- [Provided data]:
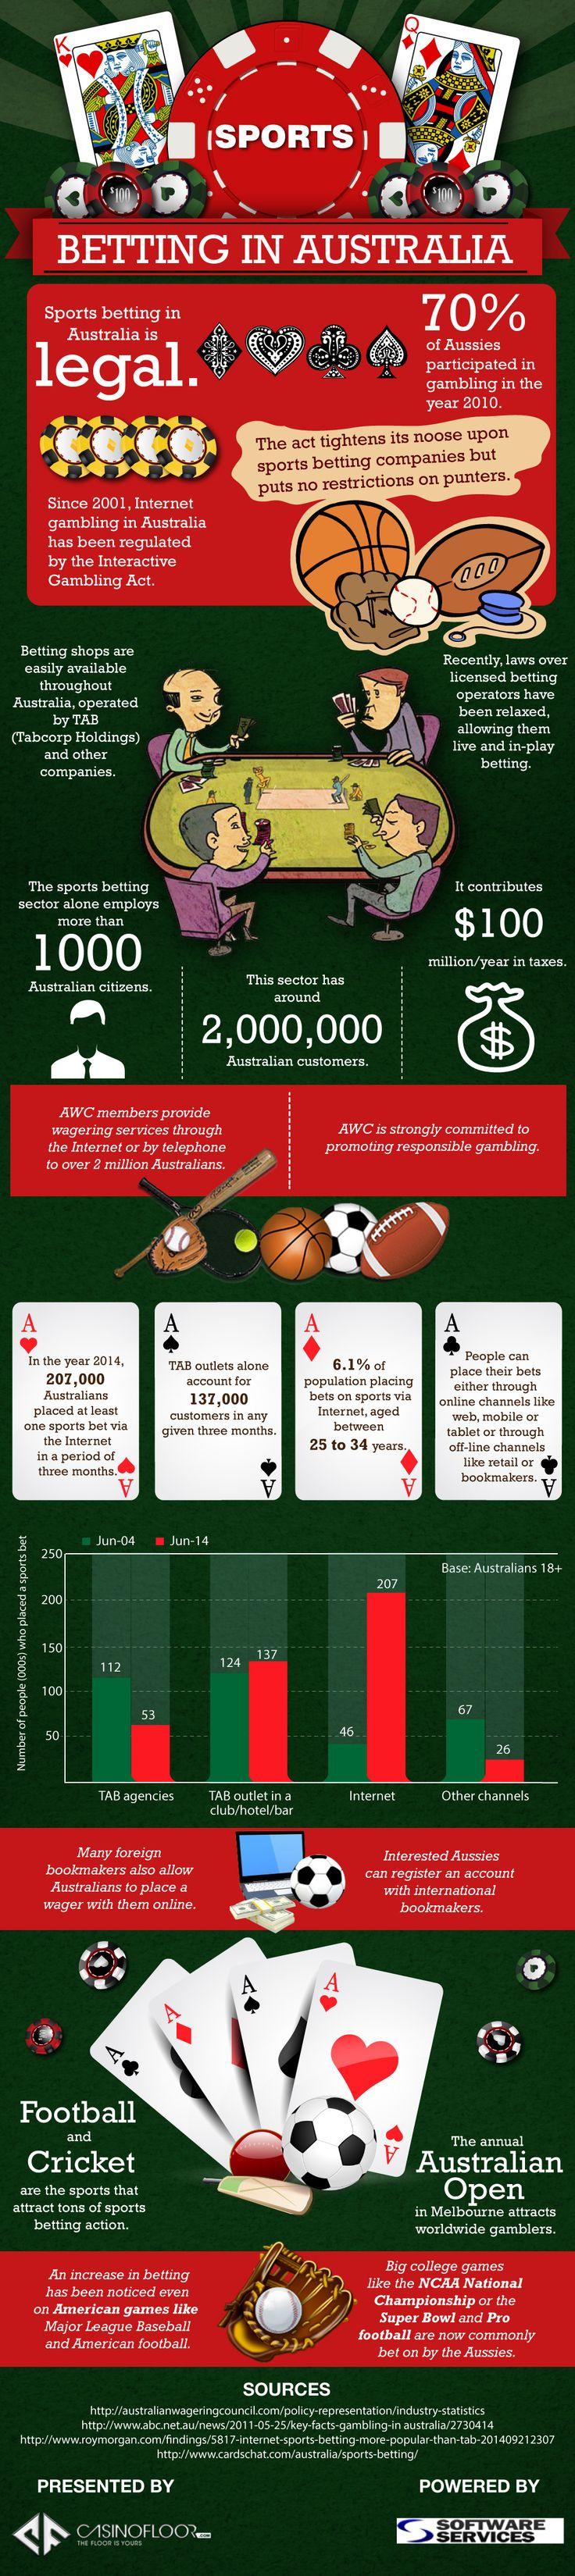 Gambling betting wide range of sports betting atlanic city casinos
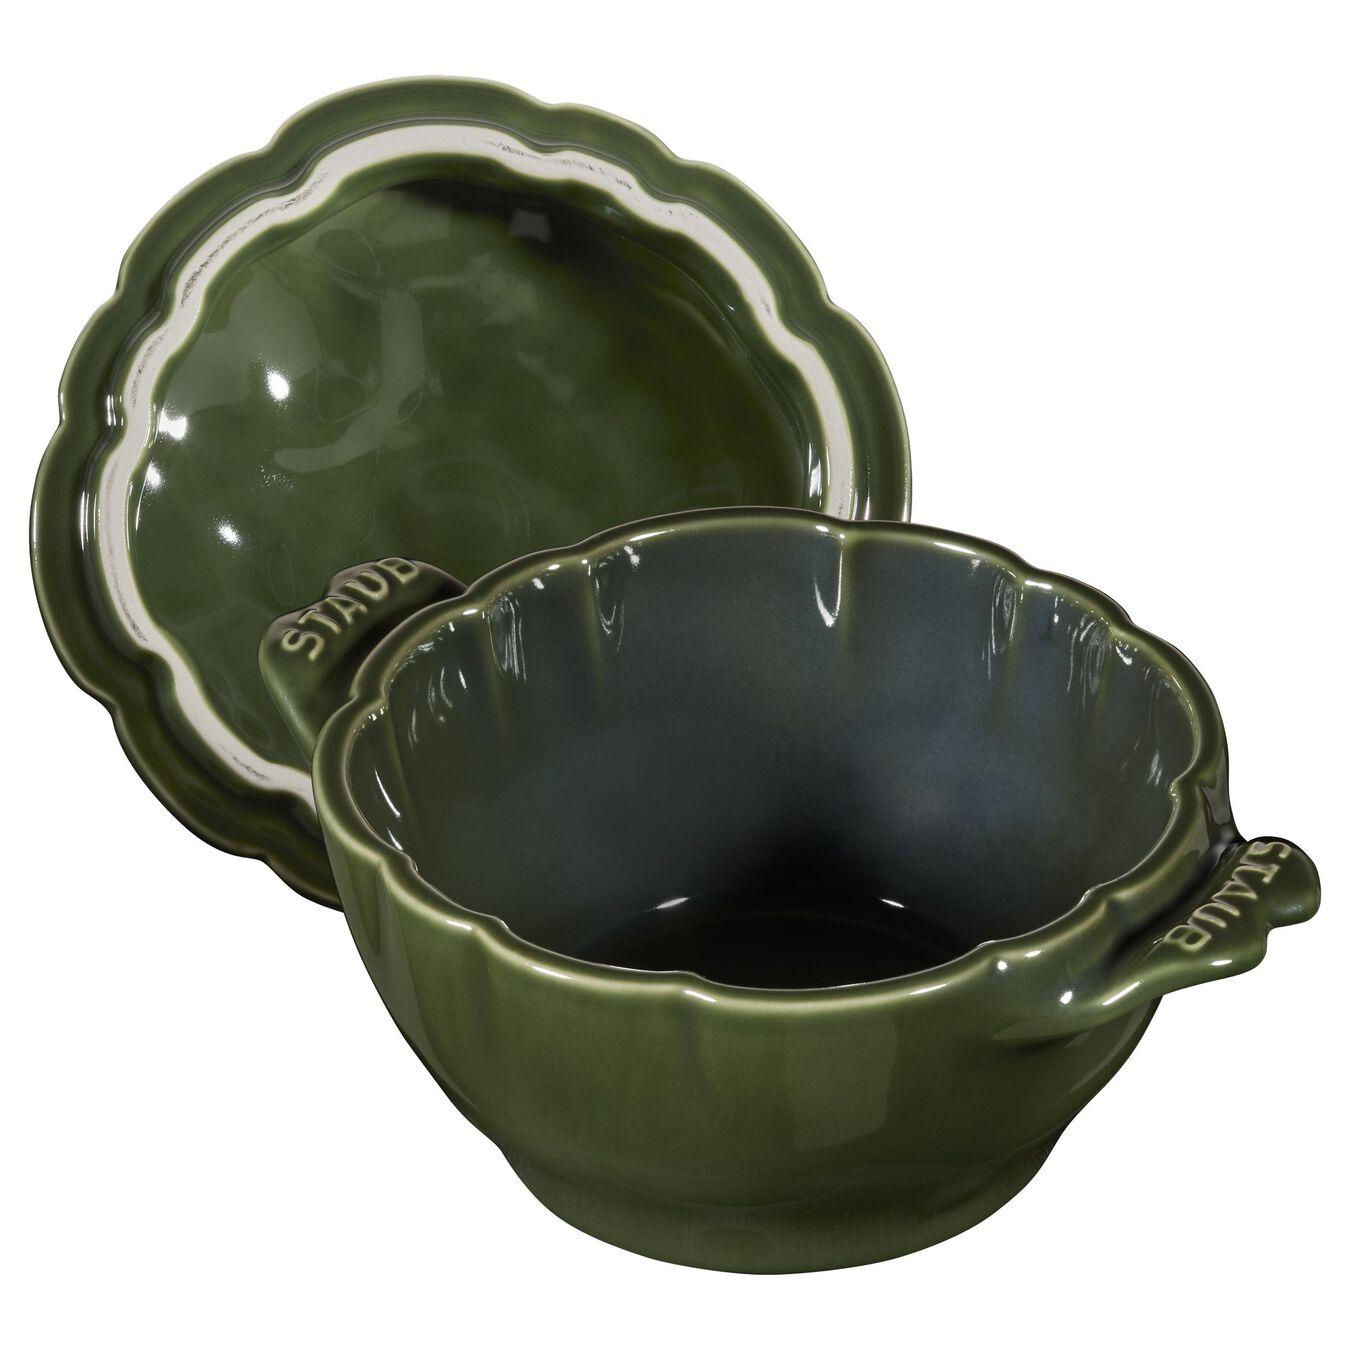 Cocotte 13 cm, Artischocke, Basilikum-Grün, Keramik,,large 5
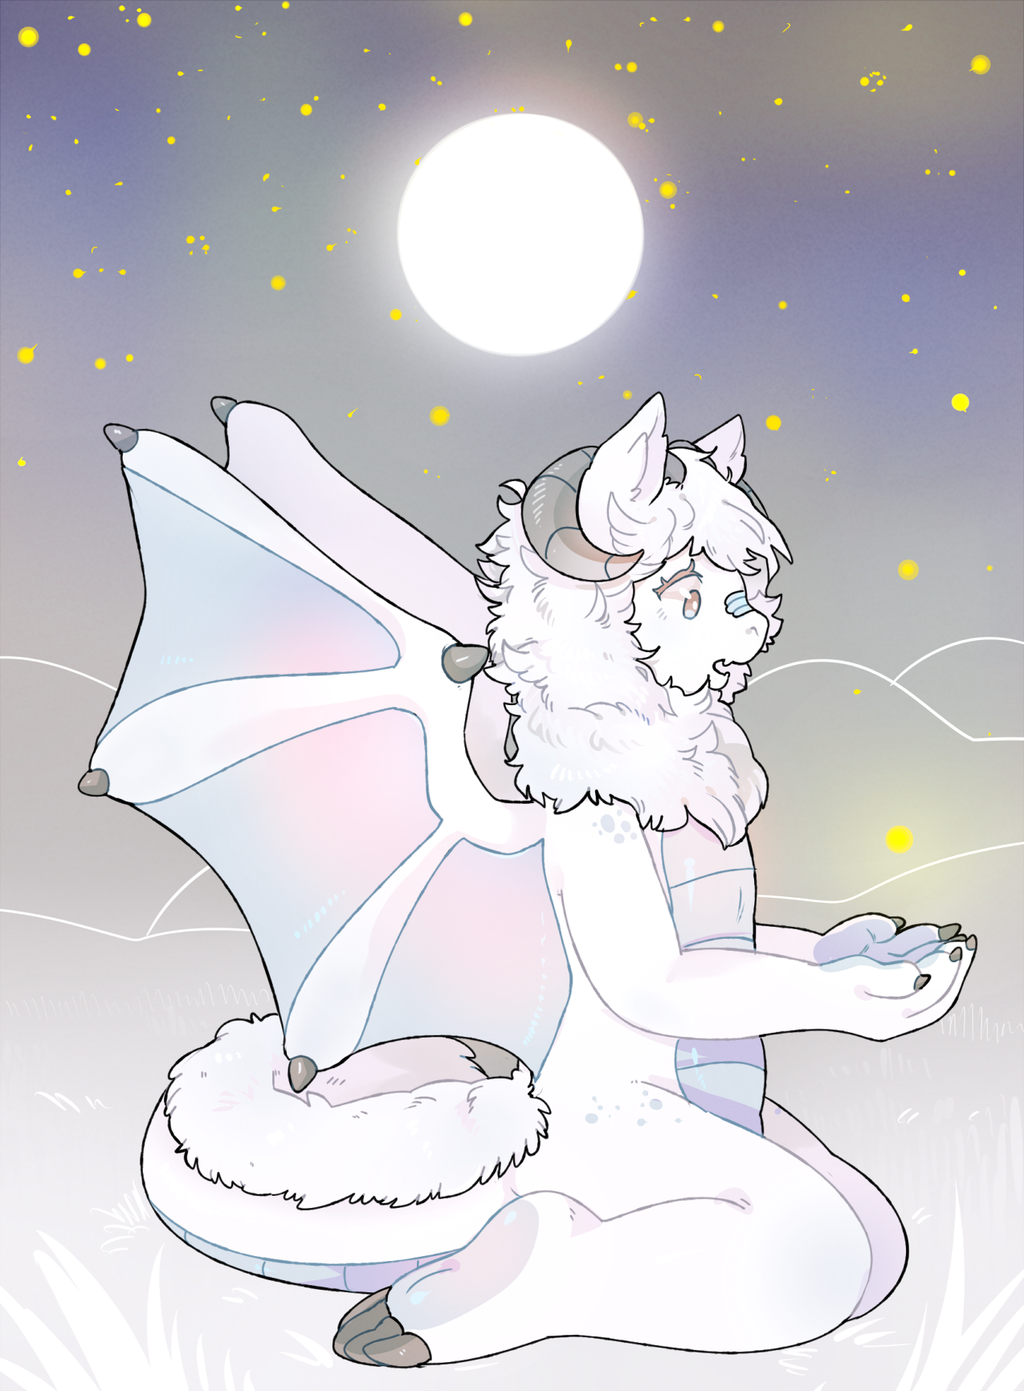 beneath the starry sky
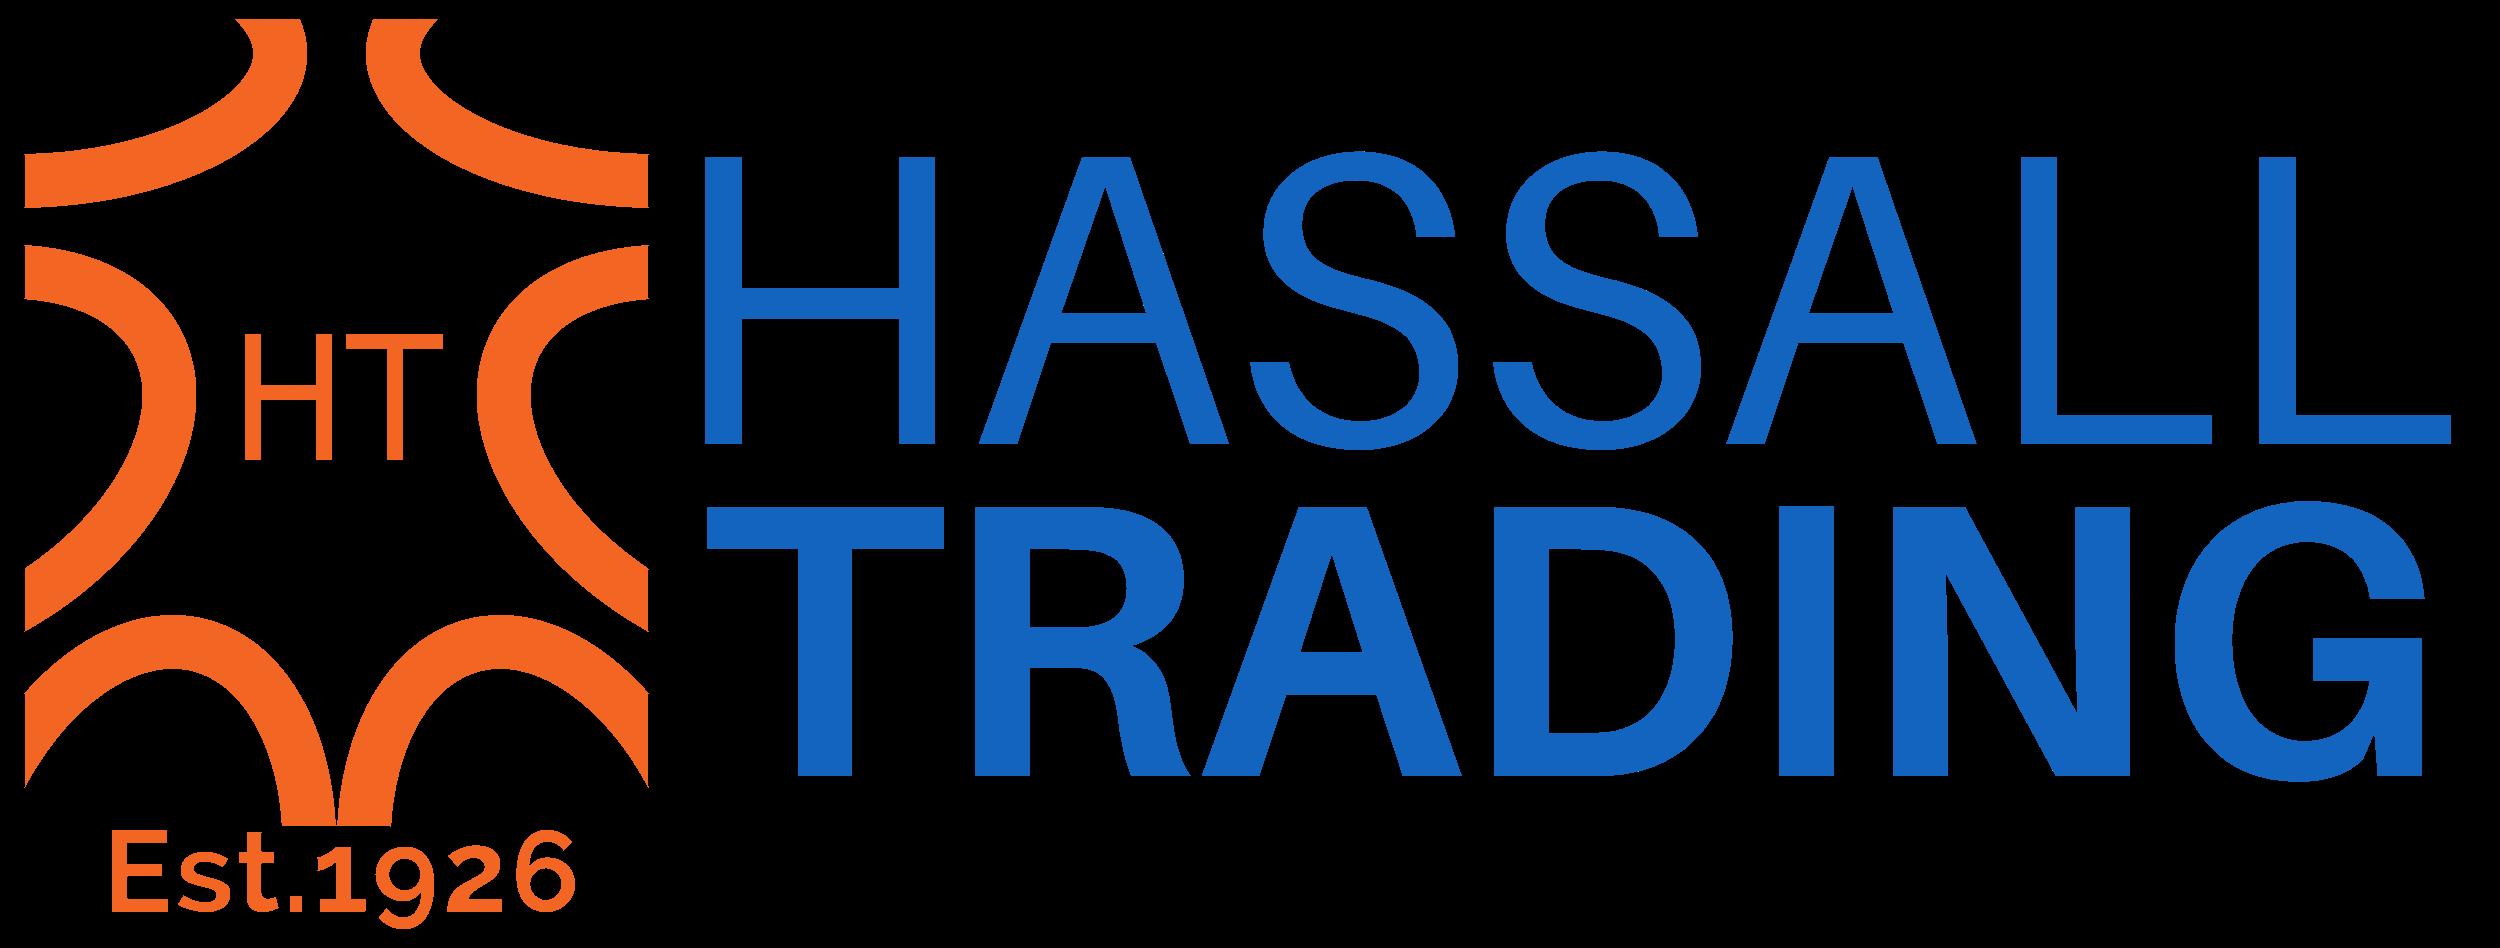 Hassall Trading

- [What the task requires]: In the data above, find the line containing "Cocotte 13 cm, Artischocke, Basilikum-Grün, Keramik,,large", then output it and every later line exactly, without the pictures.

- [Solution]:
 Cocotte 13 cm, Artischocke, Basilikum-Grün, Keramik,,large 5
 beneath the starry sky
 Hassall Trading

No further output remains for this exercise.